Choosing a neighbourhood in Cairo to call home usually depends upon the needs of the family or individual. Couples and singles who will be working downtown might prefer living close to work in Zamalek or Mohandiseen. Those with children generally prefer to live in the El Maadi/ Digla area where the American, British and German schools are located, or in Katimaya or Mirage City, gated communities.

In Cairo, expect to pay a minimum monthly rent of $4,000.00 for a villa and $2,500.00 for an unfurnished or furnished flat with a modern kitchen, three, or more bedrooms and two full baths. Furnished properties often overflow with the landlord's tired, gaudy and uncomfortable rejects. Since new furniture is a bargain and you can have anything made to your specifications at a reasonable cost, you can augment your furnishings with ones you can actually sit on without being propelled across the room.

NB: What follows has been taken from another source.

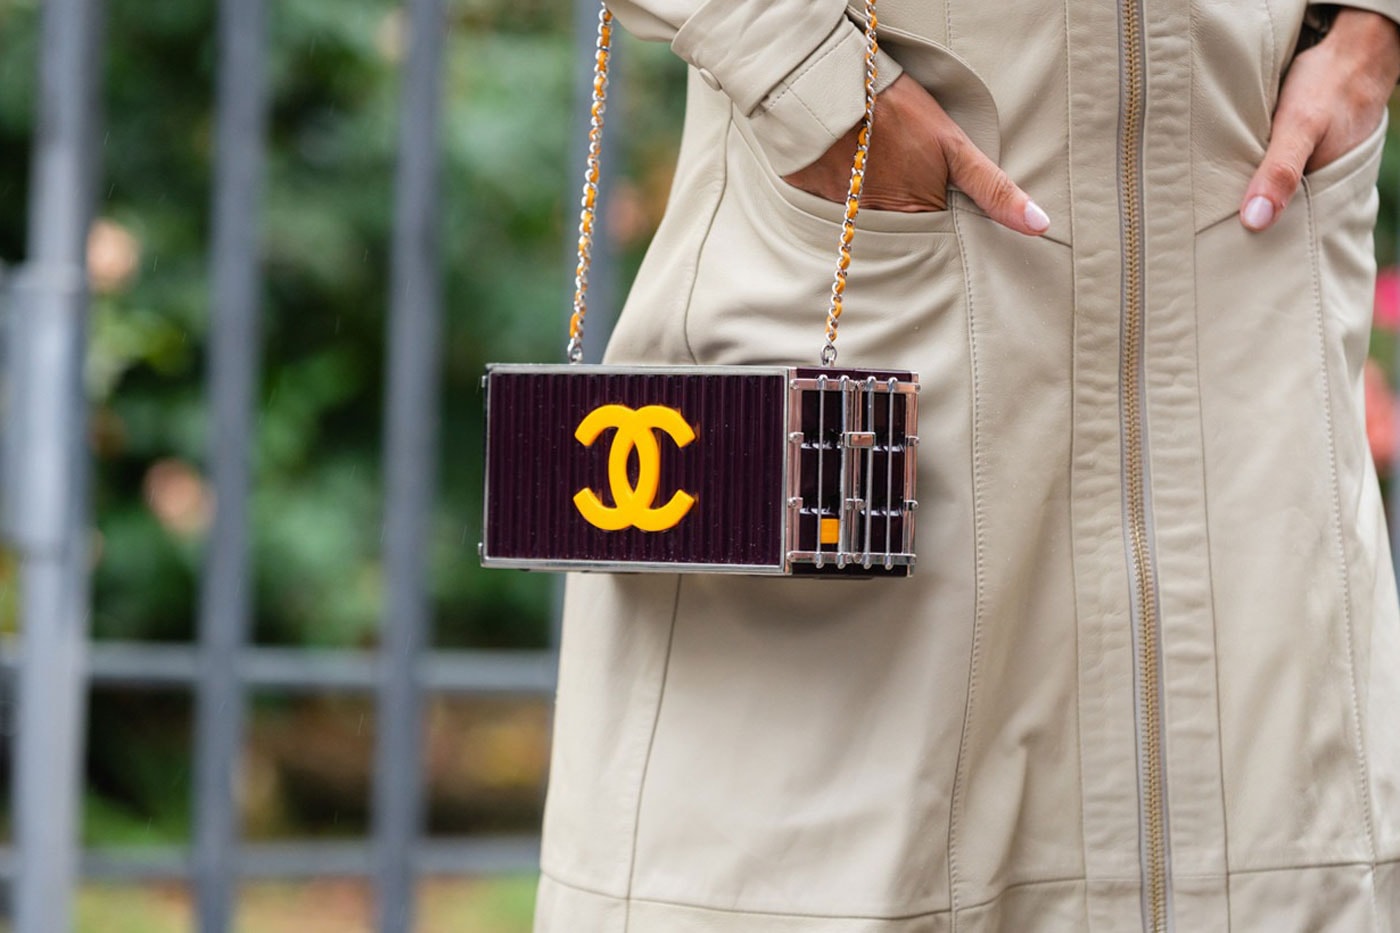 シャネルがホリデーシーズンを目前に人気ハンドバッグの一部を値上げ Chanel Has Increased Handbag Prices in Preparation for Christmas holiday shopping season french luxury lvmh louis vuitton business of fashion kering reuters luxury fashion

Mosques dot every neighbourhood. Five times each day (from predawn to night) the followers of Islam are summoned for prayer from loudspeakers positioned at the top of each mosque. During the month of Ramadan, they're turned up to full capacity. To avoid being blown out of bed each morning, before signing a lease, go by the property at a time that coincides with the duration of a prayer call to check the sound level from inside the property. Because the streets are quiet then, remember prayer calls will be even louder at dawn.

No matter what the real estate agent or owner tells you about completion dates, do not lease a property that is unfinished or in a building containing units that have not been finished. Everything is made of cinderblock. To create living space, sledge hammers are required and workmen will wield them from dawn to dusk. The vibrations, noise and construction debris that will find their way into your home and body are not conducive to a happy adjustment or maintaining your sanity.

If you have a dog and your budget doesn't allow for a villa, you might want to consider leasing a ground floor flat with a government yard. There are few places to walk a dog and some domesticated animals have been poisoned by tainted food left out by those intent upon eradicating the homeless dog and cat population.

Every building comes with a bawaab who is employed by the landlord. A bawaab will carry packages, wash your car each morning, escort visitors to your door, keep the common areas of the building clean, gather the trash, and snoop for the landlord. A landlord will generally pay them only 1-200LE per month. They depend upon the generosity of tenants for monthly baksheesh. Providing a package of meat on occasion is also appreciated.

Any kind of help you need, whether full-time, live-in, or part-time is available at a very reasonable price. Due to the Egyptian penchant for doing things their way, it is important to work with your housekeeper, driver, nanny, or gardener to show them how you want things done. You'll have to do this often until they understand that you won't back down. Filipino and African help is available at a higher price.